With AI generated texts you have no such recourse. Your only "hard data" are human-written texts. Even with the "hallucinated" inbetweens - there are too many to be read by human experts. So in the best case, you will rely on some non-expert Indians or Philippines working for minimal wage. It shows...
The FAQ fell victim to one of my pet peeves- people not bothering to understand what specifically a word, a phrase, or an acronym, mean. This continues a chain of ignorance until a very specific thing means non specific things or even different things.
People went from compiling lists of questions that people had asked frequently on forums, to trying to write FAQs before anyone had even asked any questions; predictive FAQing. These kinds of FAQs tend to be short and useless, or simple lists of forum rules rather than actual questions most people would ask.
This happened to the word "meme", which had a meaning (e.g., "Where's the beef?") but now means nothing so particular. (I've been assured that "The Ghost of Kyiv" is a "meme". Why?)
meme evolved into internet meme, and then I guess people would be told that a certain picture with a certain caption was a meme and they would assume it applied to the entire gag, not just the reshaped component. So yeah, same phenomenon, people see a thing and hear a name but misunderstand which aspects of the thing the name applies to. Another one is "use case" which was a very specific artifact from an old development methodology. People now say "use case" in business when they mean "use". This is terrible because they are just adding a word to make it sound more high falootin
The great thing about the GPTs, for the time being, is they trudge through the enshittifed internet so you don't have to. Anyone my age must surely have noticed how much worse internet search is now than twenty years ago. We all used to pride ourselves on our Google fu techniques, which all stopped working over the years thanks to search engine optimization on the part of unscrupulous (and scrupulous) ad sellers.
fifteen years ago, if I had a programming question, google would take me to the correct detailed answer on StackOverflow 95% of the time. That became less and less easy and reliable over the years.
But now, chatGPT will often not only give me the right answer about how to, e.g., call an API, it will actually write the code for me.
So it not only fixes the web search that had been ruined by greed, it takes it a step further and compiles knowledge from multiple sources in a concise answer.
Have I used it in other comments? It's a good word and the currently accepted term for this common phenomenon that occurs in many ways in many businesses and many aspects of the internet. The ugliness is appropriate because the process ruins things we loved. Substituting a pretty word would obscure its meaning and lessen the emotional impact. Are you offended?
E* refers specifically to platform decay: as a platform is monetized it becomes less valuable. Platform decay is more specific and accurate. The english language does not need a new word for general worsification.
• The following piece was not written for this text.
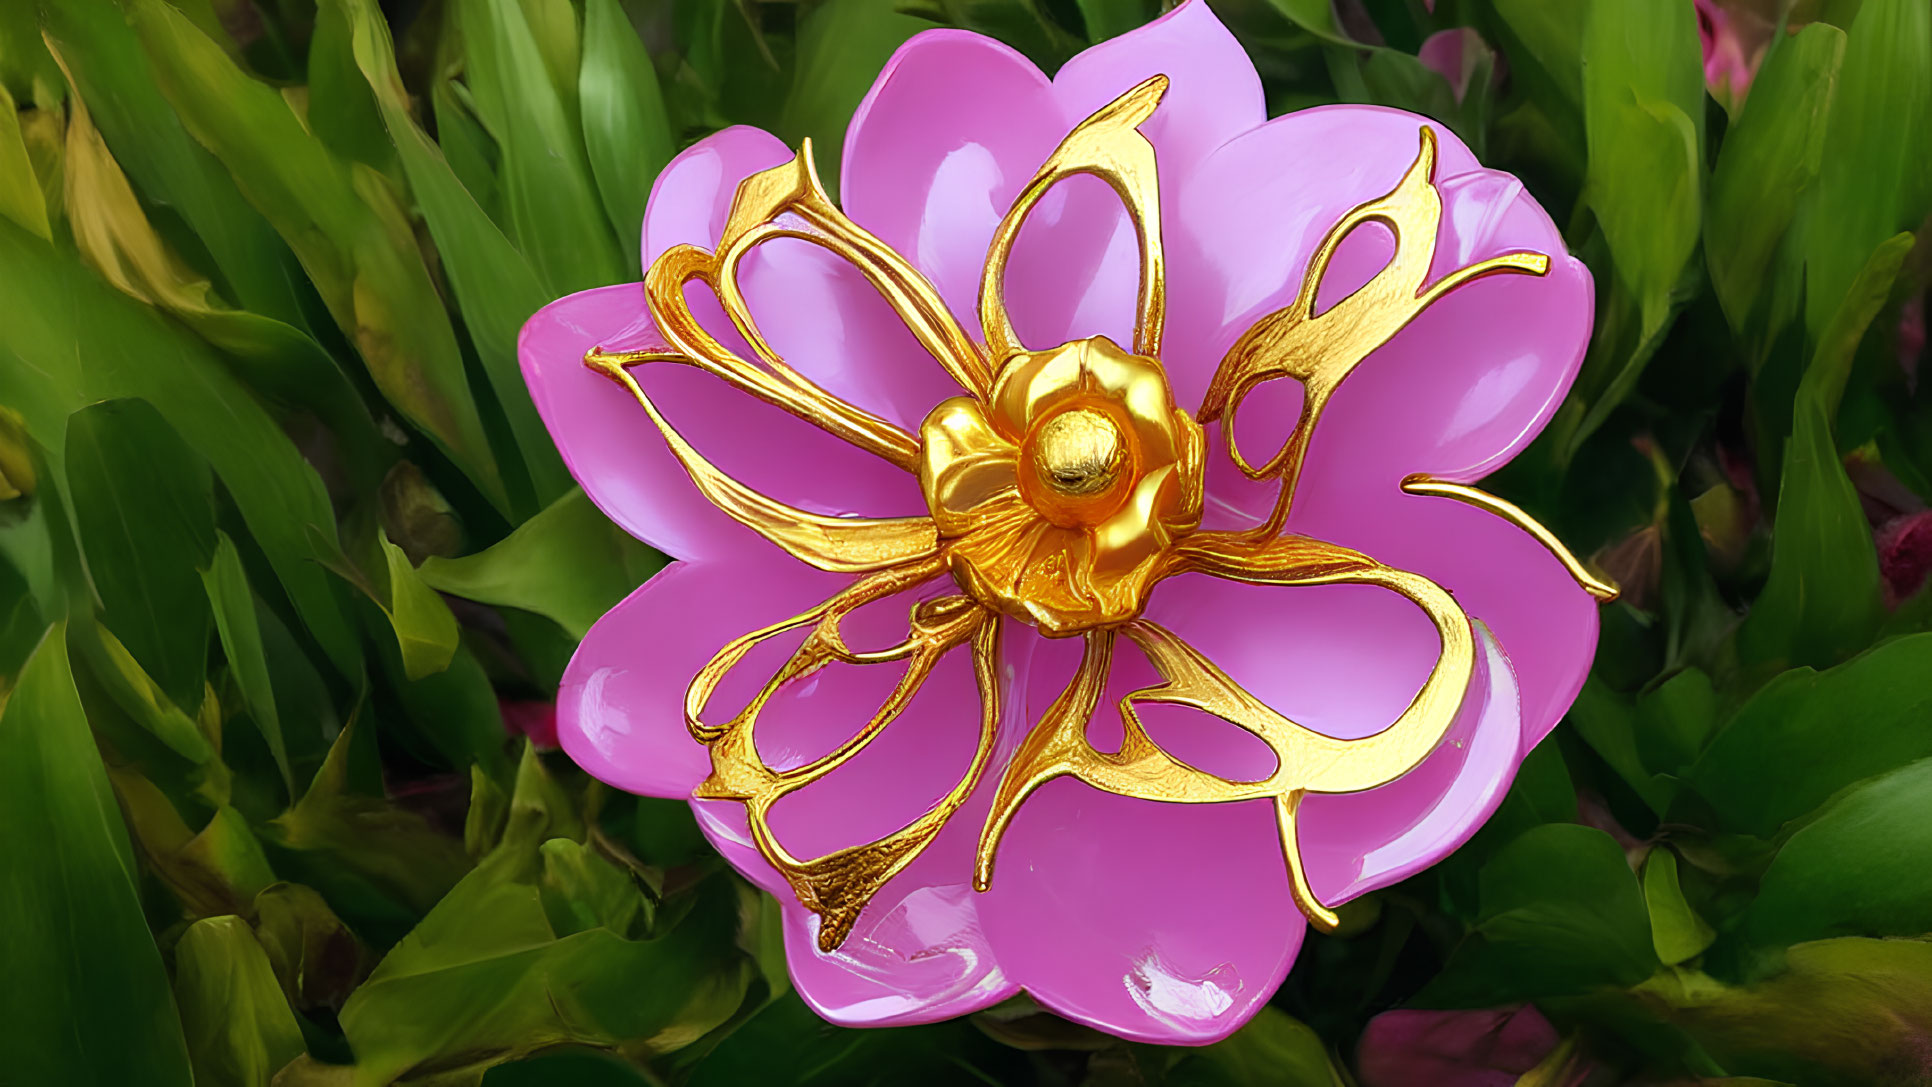 Pink and Gold Ornamental Flower on Green Leaves Background

Things are always getting better and worse.
I'm shocked by how much Amazon's search engine has declined in 20 years. I don't see their incentive to send me astray and hide what I asked for. I've had better luck lately, but for a few years, it was all but worthless.
Exact same experience and timeline. It used to be you'd need something and buy the first or second most popular result with absolute confidence. The 'customers also bought' items would be the correct screws and batteries for your purchase. Amazing! You could shop on autopilot.
Then they opened it up to everyone and cheap Chinese crap sellers flooded in. Smart ethical people alway underestimate the power of greed, desire, and human mediocrity to mess up your perfectly planned system.
YouTube as well. With both Amazon and YouTube you can really feel them (their algorithms, their deals with advertisers, Biden’s censorship regime, whatever it is) pushing you in various directions.
Faced with someone claiming he had been instrumental in getting Ann Coulter disbarred in Virginia I asked Bing if she had and its AI said "There is no information suggesting that she has been disbarred." But how trustworthy was this response?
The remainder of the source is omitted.